Bumps torch version to >=2.4.0 to minimize support surface for distributed applications #906

peterdsharpe · 2025-05-22T19:47:53Z

PhysicsNeMo Pull Request

Description

Addresses discussion here: #904 (comment)
@coreyjadams @ktangsali

Checklist

I am familiar with the Contributing Guidelines.
New or existing tests cover these changes.
The documentation is up to date with these changes.
The CHANGELOG.md is up to date with these changes.
An issue is linked to this pull request.

Dependencies

…sions (NVIDIA#905) from compatibility issues.

…buted applications.

coreyjadams · 2025-05-22T19:52:45Z

I do not want to make more work for ourselves; but it's worth a check in 2.4.0 that this works:

import torch.distributed as dist
mesh_type = dist.DeviceMesh

peterdsharpe · 2025-05-22T20:23:13Z

^ Definitely good to double-check.
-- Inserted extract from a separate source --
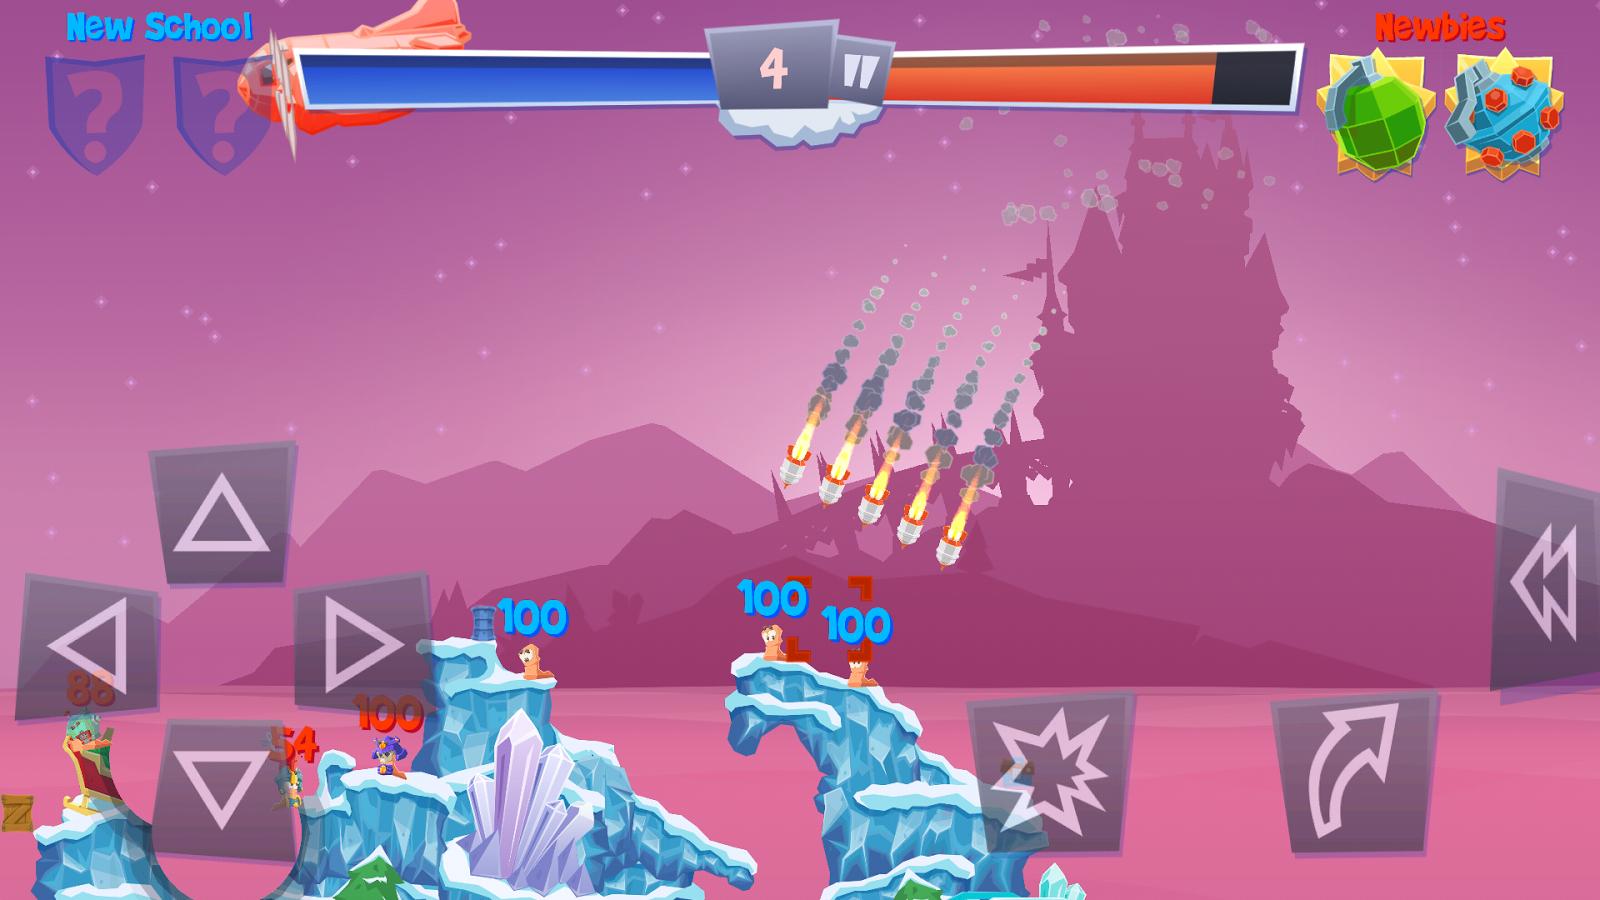 Игра worms 4 скачать бесплатно на компьютер

DeviceMesh looks available in 2.4.0 on my machine:

Python 3.10.16 (main, Mar 17 2025, 20:54:03) [MSC v.1943 64 bit (AMD64)]
Type 'copyright', 'credits' or 'license' for more information
IPython 8.36.0 -- An enhanced Interactive Python. Type '?' for help.

In [1]: import torch; torch.__version__
Out[1]: '2.4.0+cpu'

In [2]: import torch.distributed as dist
   ...: mesh_type = dist.DeviceMesh

In [3]:

coreyjadams

LGTM - thanks.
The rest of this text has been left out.